Affinity Propagation

Affinity Propagation (AP) is a clustering algorithm that automatically identifies clusters and their exemplars (representative points) without requiring you to specify the number of clusters in advance. Unlike methods such as K-Means, Affinity Propagation determines cluster centers by iteratively exchanging “messages” between data points to identify the most suitable exemplars.

Suppose a dataset of fruits with features like color, size and weight. Affinity Propagation can group similar fruits:

• Apples with apples
• Bananas with bananas

Note: The algorithm does not require prior labels, it clusters purely based on similarity.

Working

1. Similarity Computation

It starts with a similarity matrix s, where S(i,j) represents the similarity between points x_i and x_j .

By default, similarity is calculated as negative squared Euclidean distance:

S(i,j) = -\|x_i - x_j\|^2

Diagonal elements S(i,i) are called preferences, indicating how likely each point is to be chosen as an exemplar.
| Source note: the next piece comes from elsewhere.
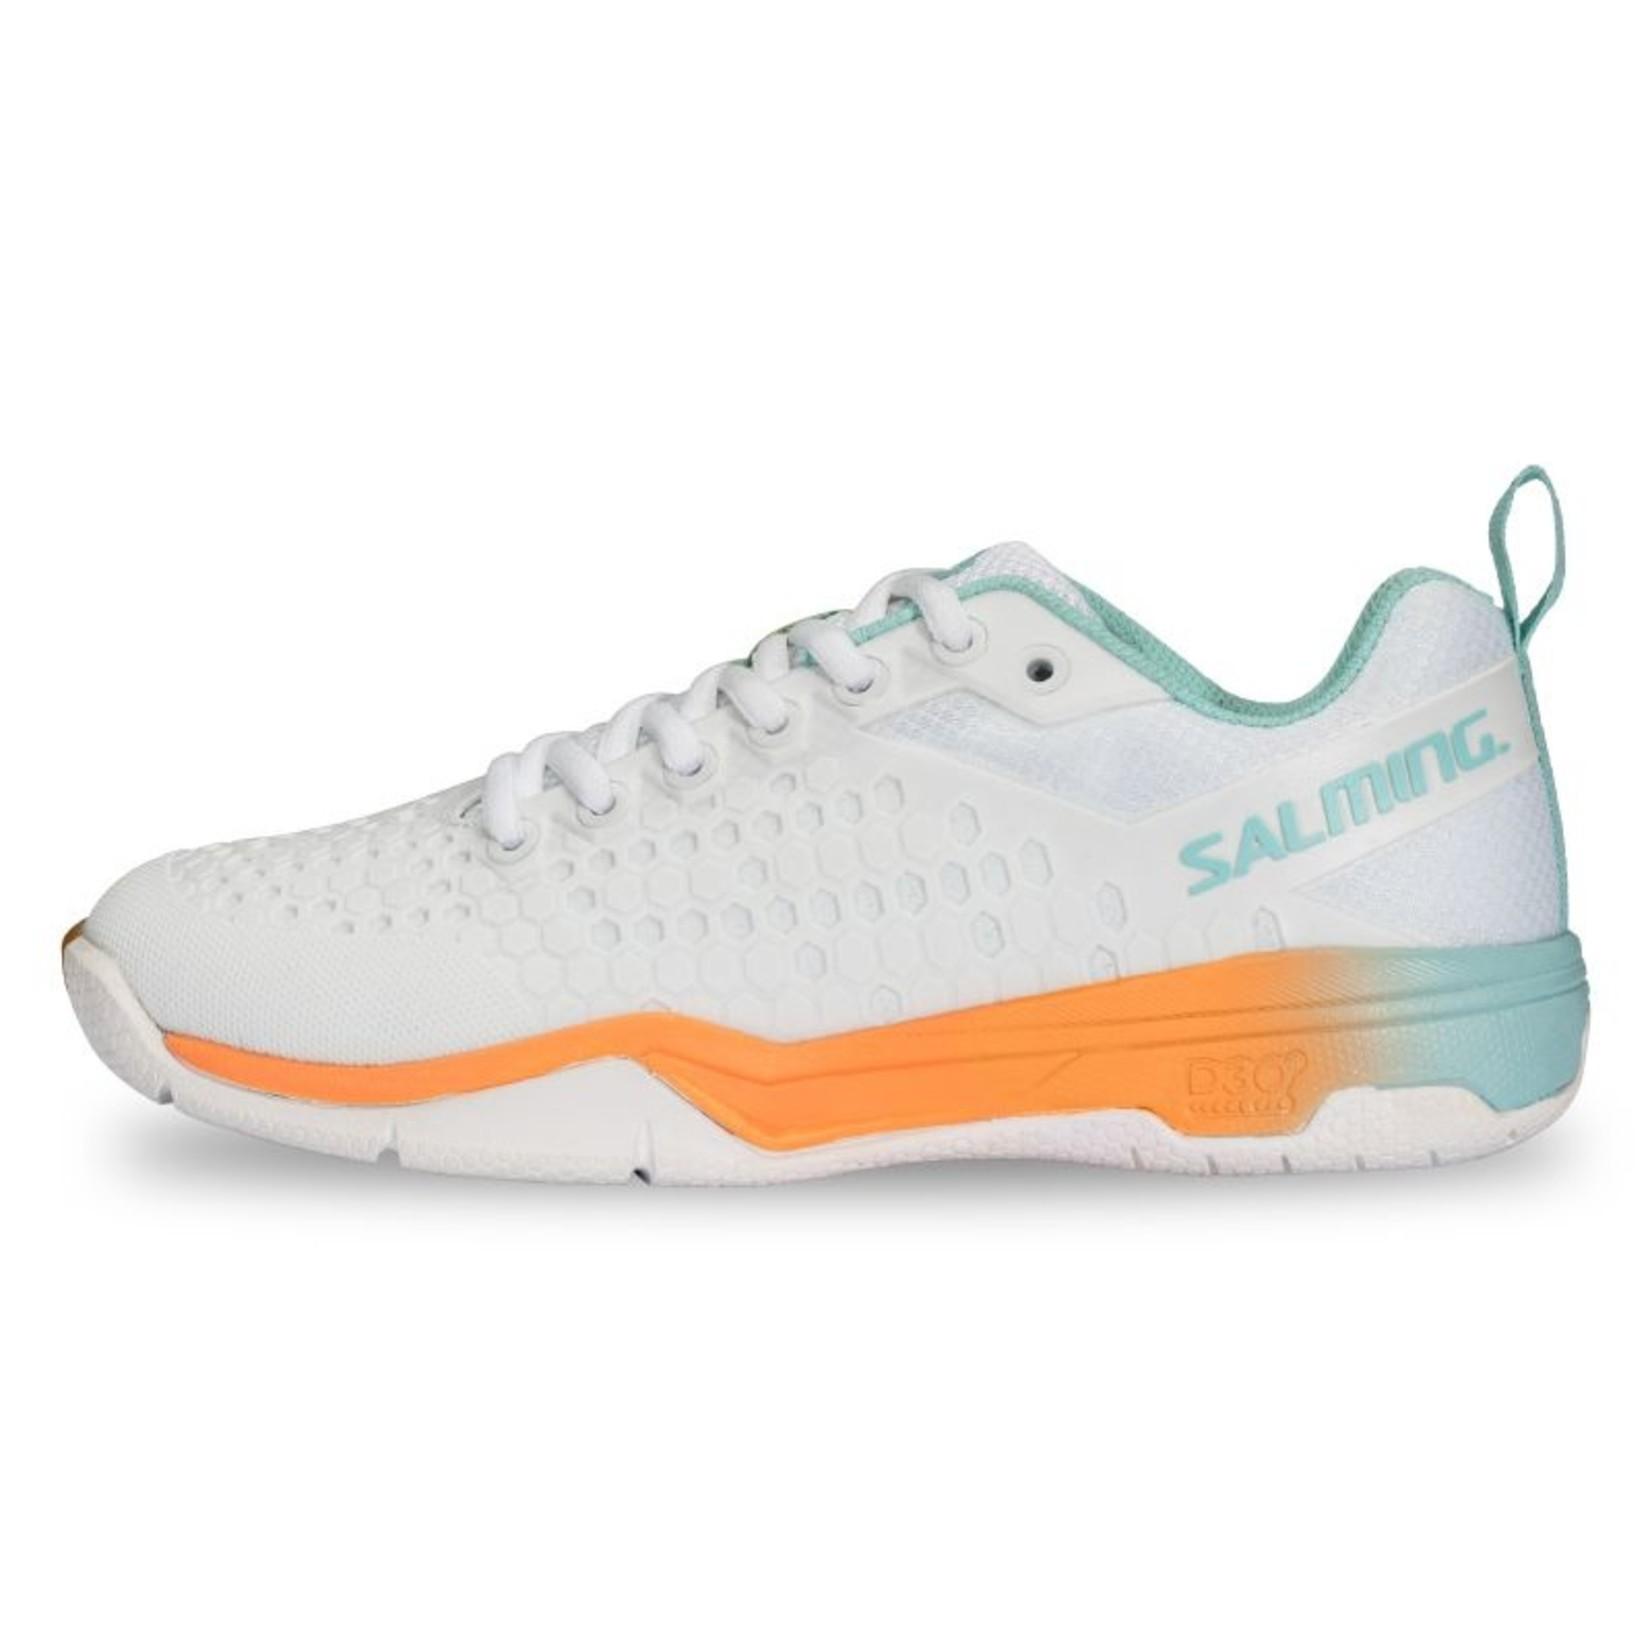 Salming Eagle Shoe Women

A higher preference is more likely to become a cluster centre.

2. Responsibility Update

The responsibility matrix R reflects how suitable a point x_k is to be the exemplar for point x_i, relative to other candidates:

r(i,k) \leftarrow s(i,k) - \max_{k' \neq k} \{ a(i,k') + s(i,k') \}

A high r(i,k) means x_k is much more suitable than any other candidate to represent x_i.

3. Availability Update

The availability matrix A represents how appropriate it is for x_i to choose x_k as its exemplar, considering the preferences of other points:

For i \neq k:

a(i,k) \leftarrow \min \Big( 0, \; r(k,k) + \sum_{i' \neq \{i,k\}} \max \big(0, r(i',k)\big) \Big)

For i=k (self-availability):

a(k, k) \leftarrow \sum_{i' \neq k} \max(0, \; r(i', k))

Responsibility reflects a candidate’s suitability; availability reflects the support from other points.

4. Iterative Updates and Convergence

R and A are updated iteratively until convergence.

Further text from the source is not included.